▸ REQUIRED WORK: From the entries below, return exactly the lines beginning at the one that contains "car-detail-accord-04_large" and ending at the one that contains "Dietisalvi di speme, dittico", both of them included, and only those lines.

[Stored records]
====

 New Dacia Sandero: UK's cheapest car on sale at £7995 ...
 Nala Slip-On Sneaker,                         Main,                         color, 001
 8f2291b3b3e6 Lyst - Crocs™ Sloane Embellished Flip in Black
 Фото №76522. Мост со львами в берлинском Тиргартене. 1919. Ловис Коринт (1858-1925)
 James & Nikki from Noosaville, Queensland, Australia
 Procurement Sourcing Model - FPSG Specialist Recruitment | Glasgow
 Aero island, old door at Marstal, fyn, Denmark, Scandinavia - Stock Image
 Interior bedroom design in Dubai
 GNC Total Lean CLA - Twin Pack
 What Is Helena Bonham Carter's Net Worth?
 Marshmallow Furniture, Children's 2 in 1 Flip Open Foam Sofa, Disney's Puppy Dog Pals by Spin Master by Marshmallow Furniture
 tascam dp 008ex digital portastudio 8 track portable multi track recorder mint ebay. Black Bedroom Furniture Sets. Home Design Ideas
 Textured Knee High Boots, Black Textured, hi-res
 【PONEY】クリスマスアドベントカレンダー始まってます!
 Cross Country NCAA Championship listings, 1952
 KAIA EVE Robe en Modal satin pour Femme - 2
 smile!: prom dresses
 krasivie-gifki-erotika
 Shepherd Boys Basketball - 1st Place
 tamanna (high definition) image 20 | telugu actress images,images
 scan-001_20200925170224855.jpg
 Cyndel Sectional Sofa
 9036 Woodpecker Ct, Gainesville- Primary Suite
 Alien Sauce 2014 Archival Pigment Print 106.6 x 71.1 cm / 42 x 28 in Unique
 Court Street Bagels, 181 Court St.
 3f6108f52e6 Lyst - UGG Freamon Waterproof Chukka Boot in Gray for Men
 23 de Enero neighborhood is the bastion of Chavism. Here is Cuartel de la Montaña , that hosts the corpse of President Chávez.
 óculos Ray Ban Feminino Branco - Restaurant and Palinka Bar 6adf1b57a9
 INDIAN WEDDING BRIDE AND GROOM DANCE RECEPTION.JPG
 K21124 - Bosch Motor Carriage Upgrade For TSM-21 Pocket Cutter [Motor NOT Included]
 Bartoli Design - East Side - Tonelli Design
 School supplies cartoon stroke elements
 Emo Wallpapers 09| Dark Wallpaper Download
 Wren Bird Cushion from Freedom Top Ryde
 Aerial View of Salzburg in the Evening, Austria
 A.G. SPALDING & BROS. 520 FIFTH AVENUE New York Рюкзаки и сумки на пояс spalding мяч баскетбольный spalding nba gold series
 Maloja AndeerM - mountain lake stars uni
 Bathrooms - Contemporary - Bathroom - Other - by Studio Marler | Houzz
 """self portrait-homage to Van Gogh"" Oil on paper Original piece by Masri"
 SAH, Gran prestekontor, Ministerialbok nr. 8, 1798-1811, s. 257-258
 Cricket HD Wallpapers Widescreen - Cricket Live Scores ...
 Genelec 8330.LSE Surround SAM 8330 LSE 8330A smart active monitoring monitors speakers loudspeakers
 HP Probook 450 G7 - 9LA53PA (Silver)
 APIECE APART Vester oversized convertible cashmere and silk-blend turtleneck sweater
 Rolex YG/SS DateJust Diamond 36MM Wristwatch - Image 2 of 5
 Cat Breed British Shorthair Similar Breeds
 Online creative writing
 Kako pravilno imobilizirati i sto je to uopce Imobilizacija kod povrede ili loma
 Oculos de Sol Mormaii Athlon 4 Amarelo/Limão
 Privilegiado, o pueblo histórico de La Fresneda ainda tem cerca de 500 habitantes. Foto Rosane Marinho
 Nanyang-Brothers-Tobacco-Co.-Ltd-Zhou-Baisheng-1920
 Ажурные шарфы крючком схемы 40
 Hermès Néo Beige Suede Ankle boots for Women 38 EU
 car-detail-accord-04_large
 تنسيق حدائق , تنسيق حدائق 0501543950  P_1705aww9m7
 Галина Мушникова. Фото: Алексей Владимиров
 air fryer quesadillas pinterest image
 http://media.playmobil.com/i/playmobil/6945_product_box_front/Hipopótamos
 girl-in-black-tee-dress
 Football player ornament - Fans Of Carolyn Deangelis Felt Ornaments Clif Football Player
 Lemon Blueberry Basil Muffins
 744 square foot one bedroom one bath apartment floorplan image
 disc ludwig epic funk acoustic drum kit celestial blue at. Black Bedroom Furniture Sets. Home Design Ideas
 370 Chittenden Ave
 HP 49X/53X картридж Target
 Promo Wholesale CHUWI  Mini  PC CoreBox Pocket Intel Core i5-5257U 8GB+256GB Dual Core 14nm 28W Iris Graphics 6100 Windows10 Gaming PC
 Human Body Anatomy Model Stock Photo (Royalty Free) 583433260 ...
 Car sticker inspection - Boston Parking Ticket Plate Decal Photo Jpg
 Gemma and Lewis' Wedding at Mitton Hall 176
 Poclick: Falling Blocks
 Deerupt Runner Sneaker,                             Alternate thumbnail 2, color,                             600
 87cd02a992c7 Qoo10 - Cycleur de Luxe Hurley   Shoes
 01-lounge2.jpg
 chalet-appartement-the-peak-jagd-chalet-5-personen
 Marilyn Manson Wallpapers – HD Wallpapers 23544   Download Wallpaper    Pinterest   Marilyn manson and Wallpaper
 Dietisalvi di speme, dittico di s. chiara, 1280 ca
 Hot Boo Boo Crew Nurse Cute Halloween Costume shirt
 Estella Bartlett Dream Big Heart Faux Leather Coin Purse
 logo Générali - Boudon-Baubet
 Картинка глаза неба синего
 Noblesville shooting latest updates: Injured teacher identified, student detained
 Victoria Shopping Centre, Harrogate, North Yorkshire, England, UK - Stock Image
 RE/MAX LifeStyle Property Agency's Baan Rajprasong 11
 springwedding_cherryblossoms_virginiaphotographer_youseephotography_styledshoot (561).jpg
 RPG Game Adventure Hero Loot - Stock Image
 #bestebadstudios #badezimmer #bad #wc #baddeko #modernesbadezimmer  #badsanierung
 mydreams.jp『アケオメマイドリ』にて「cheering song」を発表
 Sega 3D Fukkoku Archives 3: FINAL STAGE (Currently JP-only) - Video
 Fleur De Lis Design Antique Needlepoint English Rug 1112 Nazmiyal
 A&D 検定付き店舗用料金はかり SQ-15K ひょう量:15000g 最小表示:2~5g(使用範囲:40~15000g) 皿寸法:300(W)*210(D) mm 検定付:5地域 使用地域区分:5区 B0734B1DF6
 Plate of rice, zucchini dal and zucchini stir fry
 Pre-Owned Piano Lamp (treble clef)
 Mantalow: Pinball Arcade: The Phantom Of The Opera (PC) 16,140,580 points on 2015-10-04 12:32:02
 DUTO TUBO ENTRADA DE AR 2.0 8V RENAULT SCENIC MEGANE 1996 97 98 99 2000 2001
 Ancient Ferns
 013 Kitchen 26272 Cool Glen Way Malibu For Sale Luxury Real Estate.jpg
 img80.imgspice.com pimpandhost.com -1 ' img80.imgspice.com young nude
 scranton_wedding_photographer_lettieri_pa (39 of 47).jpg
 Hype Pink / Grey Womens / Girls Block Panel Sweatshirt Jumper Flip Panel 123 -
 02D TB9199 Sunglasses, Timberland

====

▸ RESPONSE AREA:
 car-detail-accord-04_large
 تنسيق حدائق , تنسيق حدائق 0501543950  P_1705aww9m7
 Галина Мушникова. Фото: Алексей Владимиров
 air fryer quesadillas pinterest image
 http://media.playmobil.com/i/playmobil/6945_product_box_front/Hipopótamos
 girl-in-black-tee-dress
 Football player ornament - Fans Of Carolyn Deangelis Felt Ornaments Clif Football Player
 Lemon Blueberry Basil Muffins
 744 square foot one bedroom one bath apartment floorplan image
 disc ludwig epic funk acoustic drum kit celestial blue at. Black Bedroom Furniture Sets. Home Design Ideas
 370 Chittenden Ave
 HP 49X/53X картридж Target
 Promo Wholesale CHUWI  Mini  PC CoreBox Pocket Intel Core i5-5257U 8GB+256GB Dual Core 14nm 28W Iris Graphics 6100 Windows10 Gaming PC
 Human Body Anatomy Model Stock Photo (Royalty Free) 583433260 ...
 Car sticker inspection - Boston Parking Ticket Plate Decal Photo Jpg
 Gemma and Lewis' Wedding at Mitton Hall 176
 Poclick: Falling Blocks
 Deerupt Runner Sneaker,                             Alternate thumbnail 2, color,                             600
 87cd02a992c7 Qoo10 - Cycleur de Luxe Hurley   Shoes
 01-lounge2.jpg
 chalet-appartement-the-peak-jagd-chalet-5-personen
 Marilyn Manson Wallpapers – HD Wallpapers 23544   Download Wallpaper    Pinterest   Marilyn manson and Wallpaper
 Dietisalvi di speme, dittico di s. chiara, 1280 ca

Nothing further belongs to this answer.